Saviour, such as Christ is. It is very likely that the heretics,

against whose evil doctrines the apostle writes, denied that they

had any sin, or needed any Saviour. In deed, the Gnostics even

denied that Christ suffered: the AEon, or Divine Being that dwelt

in the man Christ Jesus, according to them, left him when he was

taken by the Jews; and he, being but a common man, his sufferings

and death had neither merit nor efficacy.

We deceive ourselves] By supposing that we have no guilt, no

sinfulness, and consequently have no need of the blood of Christ

as an atoning sacrifice: this is the most dreadful of all

deceptions, as it leaves the soul under all the guilt and pollution

of sin, exposed to hell, and utterly unfit for heaven.

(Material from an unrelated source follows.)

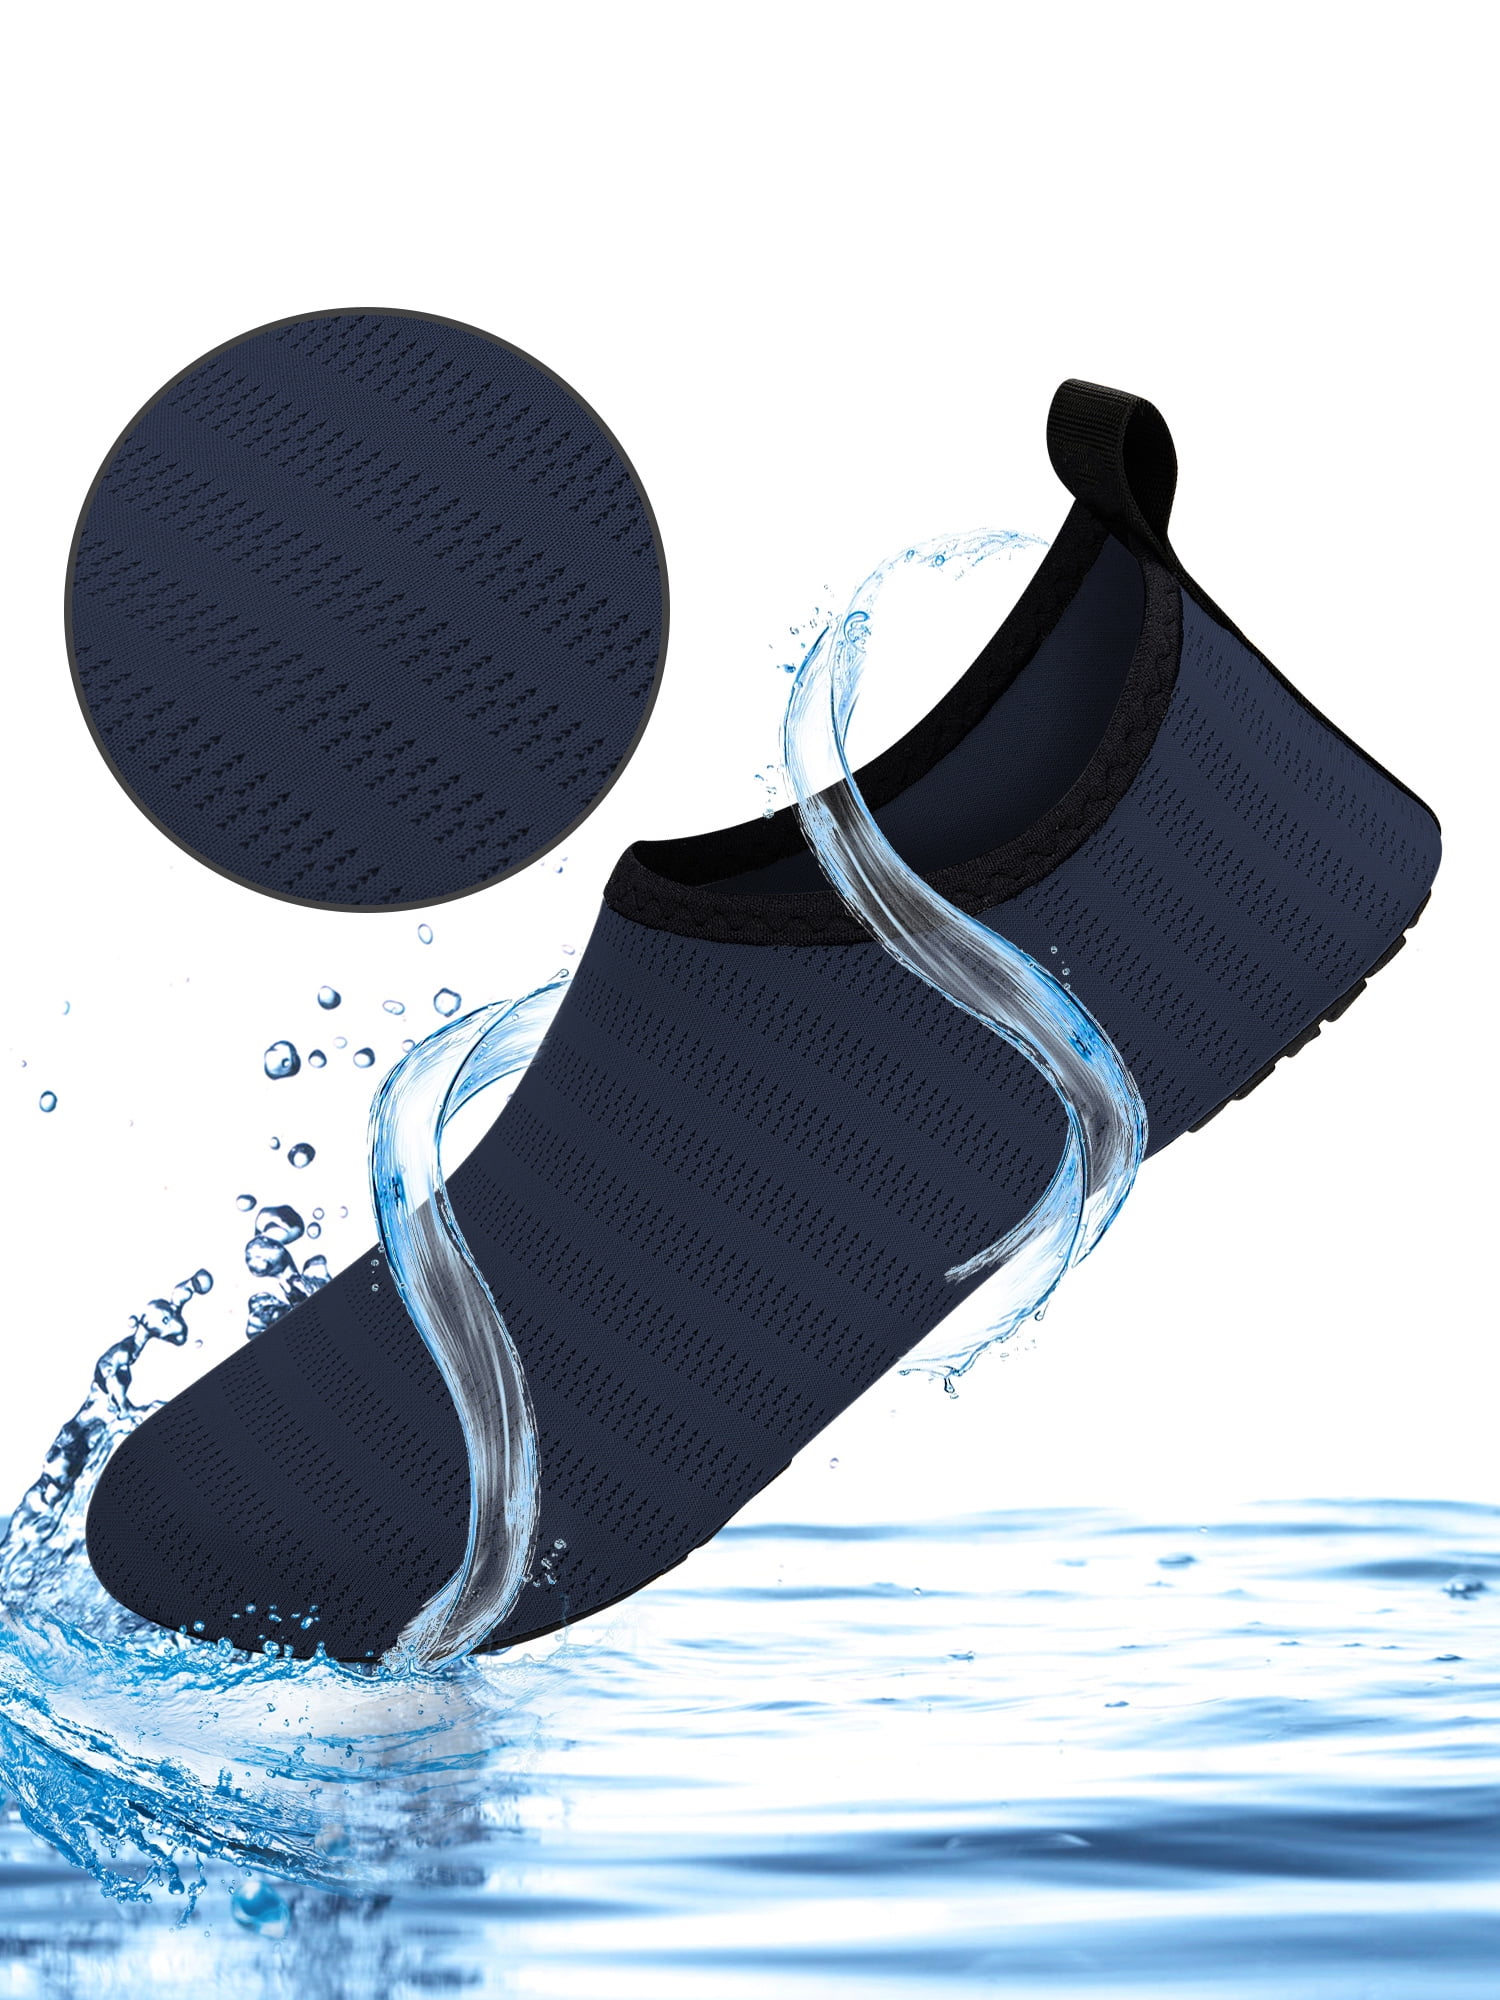 Adult Barefoot Water Sports Aqua Shoes Slip-on Swim Beach Dive Yoga Fitness

The truth is not in us.] We have no knowledge of the Gospel of

Jesus, the whole of which is founded on this most awful truth-all

have sinned, all are guilty, all are unholy; and none can redeem

himself. Hence it is as necessary that Jesus Christ should become

incarnated, and suffer and die to bring men to God.

Verse 9. If we confess our sins] If, from a deep sense of our

guilt, impurity, and helplessness, we humble ourselves before God,

acknowledging our iniquity, his holiness, and our own utter

helplessness, and implore mercy for his sake who has died for us;

he is faithful, because to such he has promised mercy, Ps 32:5;

Pr 28:13;

and just, for Christ has died for us, and thus made an atonement

to the Divine justice; so that God can now be just, and yet the

justifier of him who believeth in Jesus.

And to cleanse us from all unrighteousness.] Not only to

forgive the sin, but to purify the heart.

OBSERVE here, 1. Sin exists in the soul after two modes or

forms: (1.) In guilt, which requires forgiveness or pardon. (2.)

In pollution, which requires cleansing.

2. Guilt, to be forgiven, must be confessed; and pollution, to

be cleansed, must be also confessed. In order to find mercy, a

man must know and feel himself to be a sinner, that he may

fervently apply to God for pardon; in order to get a clean heart,

a man must know and feel its depravity, acknowledge and deplore it

before God, in order to be fully sanctified.

3. Few are pardoned, because they do not feel and confess their

sins; and few are sanctified or cleansed from all sin, because

they do not feel and confess their own sore, and the plague of

their hearts.

4. As the blood of Jesus Christ, the merit of his passion and

death, applied by faith, purges the conscience from all dead

works, so the same cleanses the heart from all unrighteousness.

5. As all unrighteousness is sin, so he that is cleansed from

all unrighteousness is cleansed from all sin. To attempt to evade

this, and plead for the continuance of sin in the heart through

life, is ungrateful, wicked, and even blasphemous; for as he who

says he has not sinned, 1Jo 1:10,

makes God a liar, who has declared the contrary through every part

of his revelation; so he that says the blood of Christ either

cannot or will not cleanse us from all sin in this life, gives

also the lie to his Maker, who has declared the contrary, and thus

shows that the word-the doctrine of God is not in him.

Reader, it is the birthright of every child of God to be

cleansed from all sin, to keep himself unspotted from the world,

and so to live as never more to offend his Maker. All things are

possible to him that believeth; because all things are possible to

the infinitely meritorious blood and energetic Spirit of the Lord

Jesus. See the notes on the parallel passages in the margin; and

particularly in St. John's gospel, John 1.